Two months ago, I ran out of magnesium tablets, which keep my legs from jumping at night. I bought more, but my legs continued to jump. Why?

I had been taking 500 milligrams (mg), and the new brand said 400 mg, but they were more expensive, and I figured higher quality. I thought 400 mg would be OK.

What I didn’t notice was the nutrition label: “Serving size: 3 tablets.” Taking my usual 1 tablet a day, I was getting only about 133 mg. No wonder my legs didn’t respond!

Food labels have lots of good information, but you need to know how to read them, a skill I obviously had forgotten. I took a refresher course.

Reading food labels

An article by diabetes educators Laura Hieronymus and Belinda Carlisle explains that food labels put important information in different places. The Nutrition Facts panel should list the amounts of nutrients in the food or supplement. The serving size is usually the first thing listed. It should tell you two things: what the size is of one serving, and how many servings are in the container. This is really useful when it comes to figuring out how much to eat.
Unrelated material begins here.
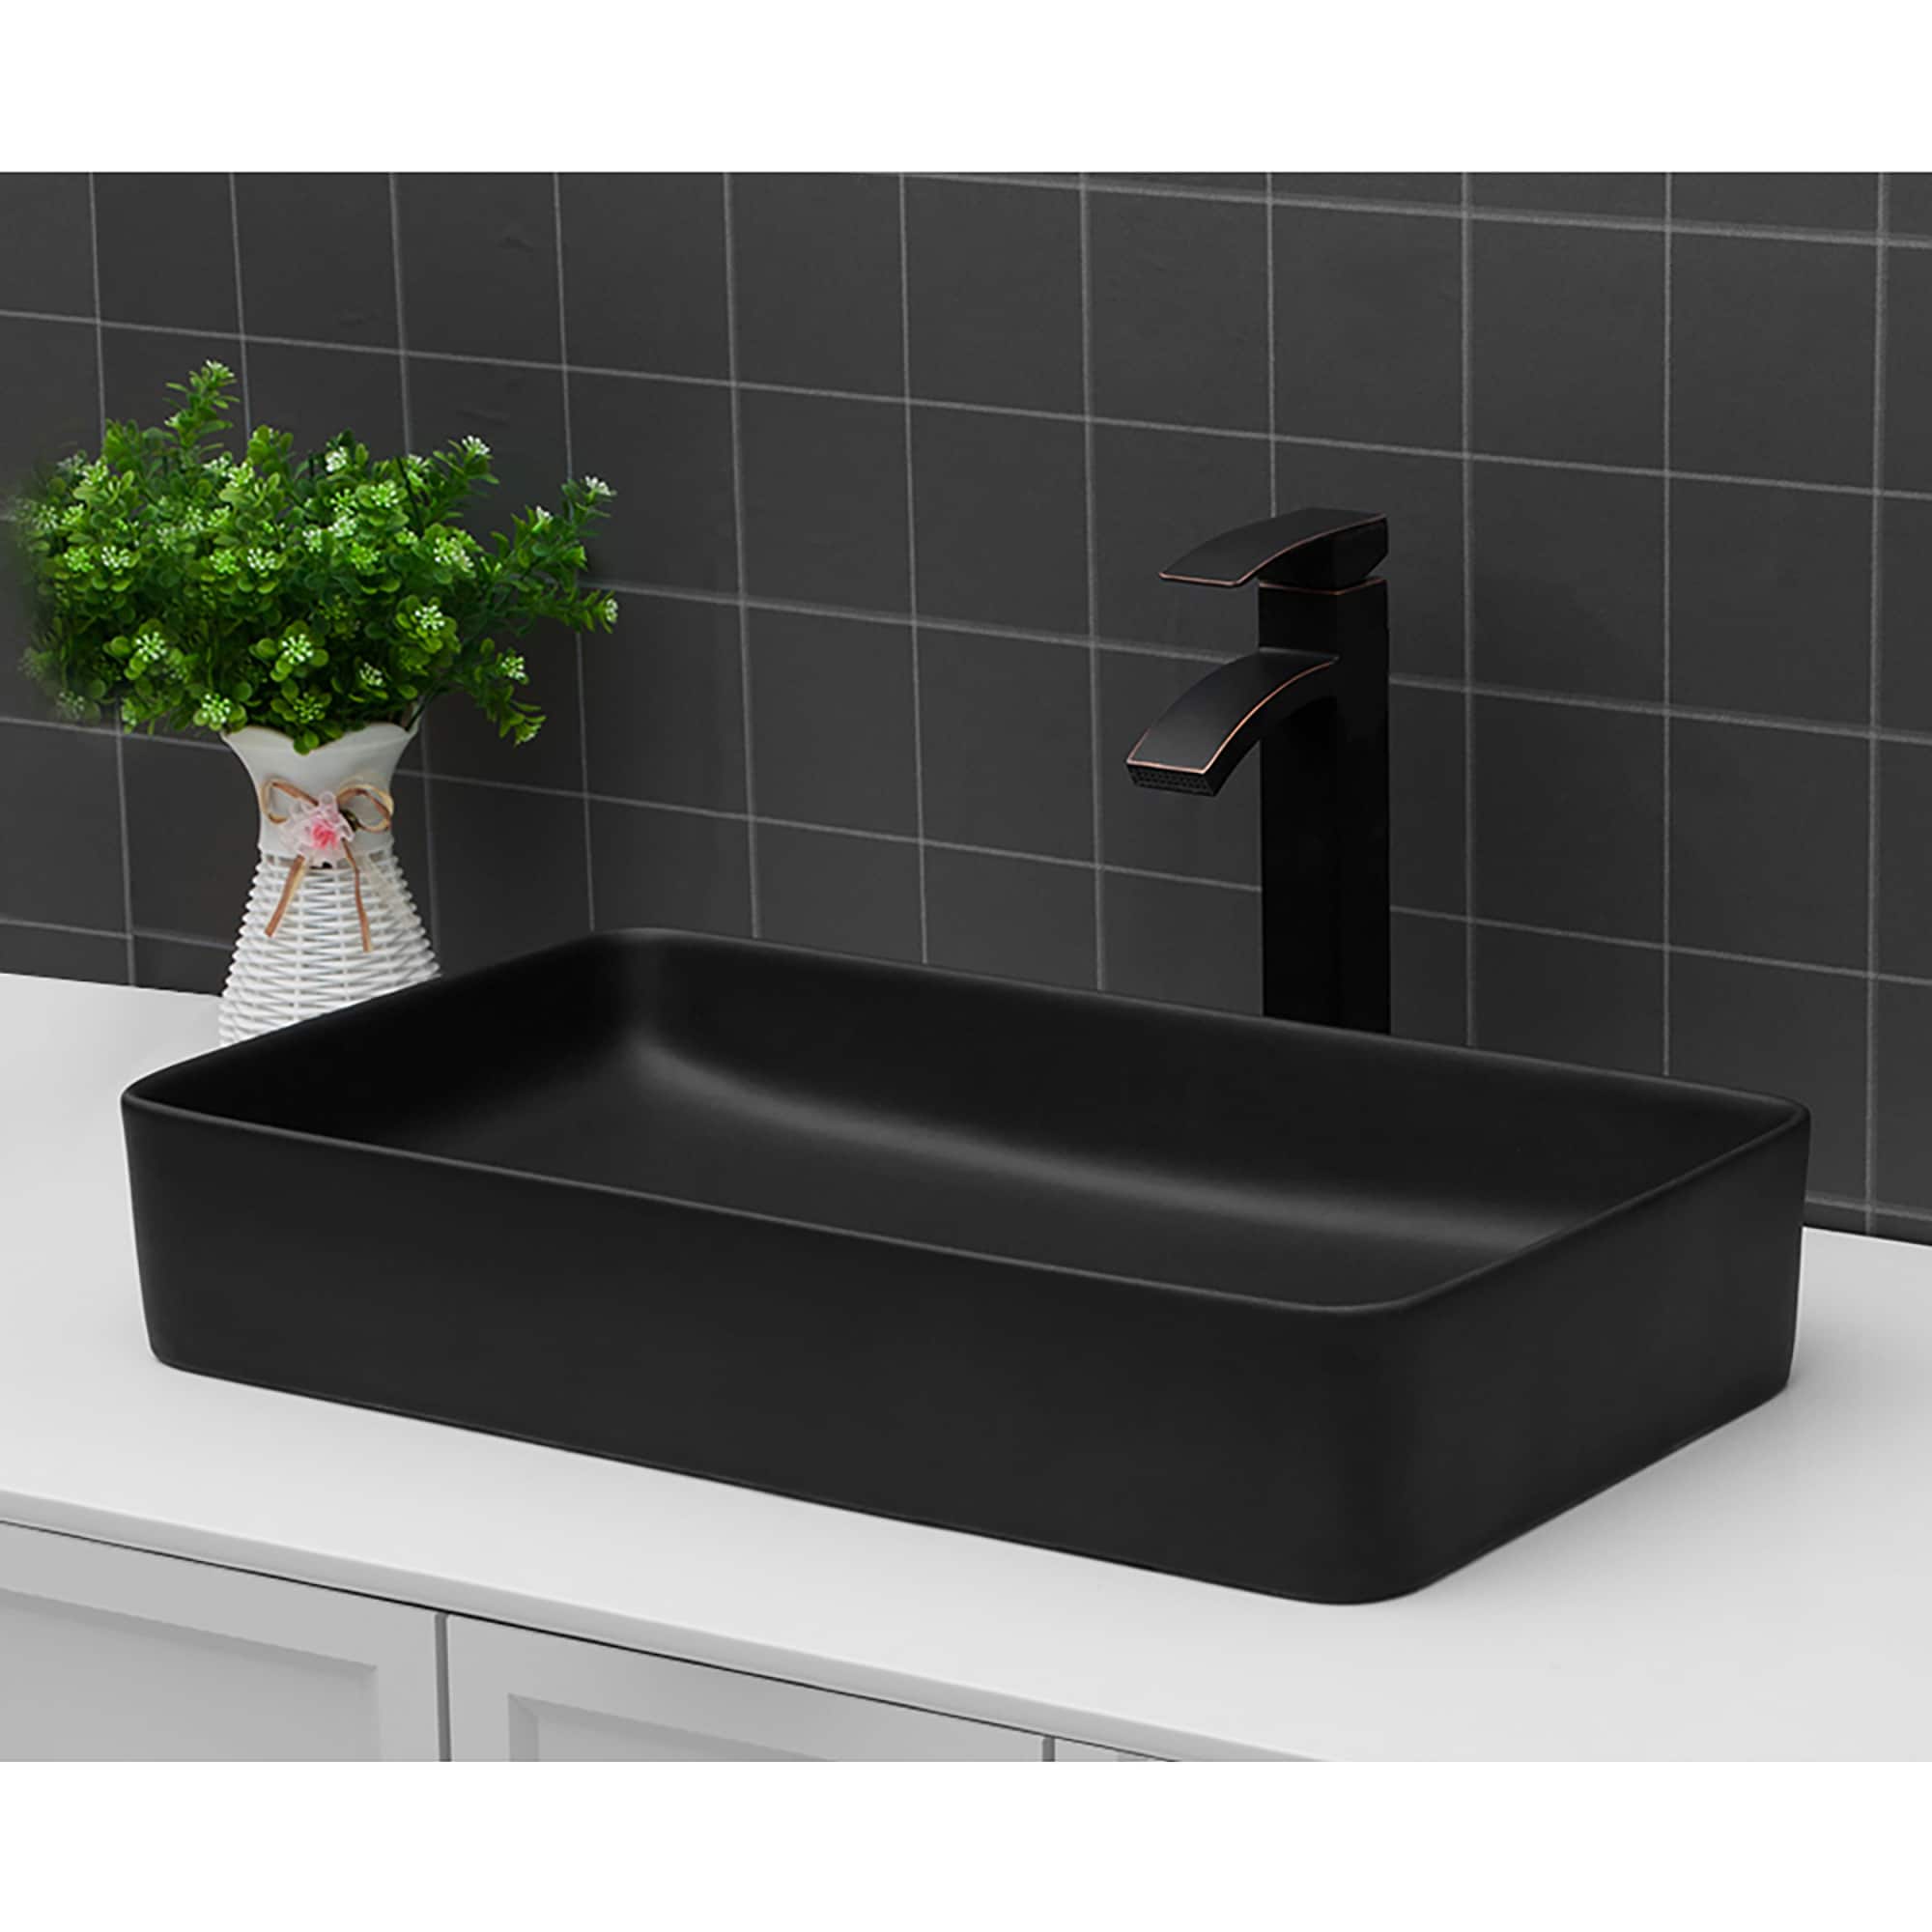 Black Bathroom Sinks at Lowes.com

Hieronymus and Carlisle give these sample food labels for packaged pizzas. They both have about the same amount of carbohydrate per serving, but one package has one serving per container, while the other expects you to get four servings out of it. If you ate the whole pizza in the second case, like you did in the first, you would get four times more carbohydrates than you might have expected based on the number of carbohydrate grams listed on the label. Your blood sugar would probably spike for many hours, and possibly even days.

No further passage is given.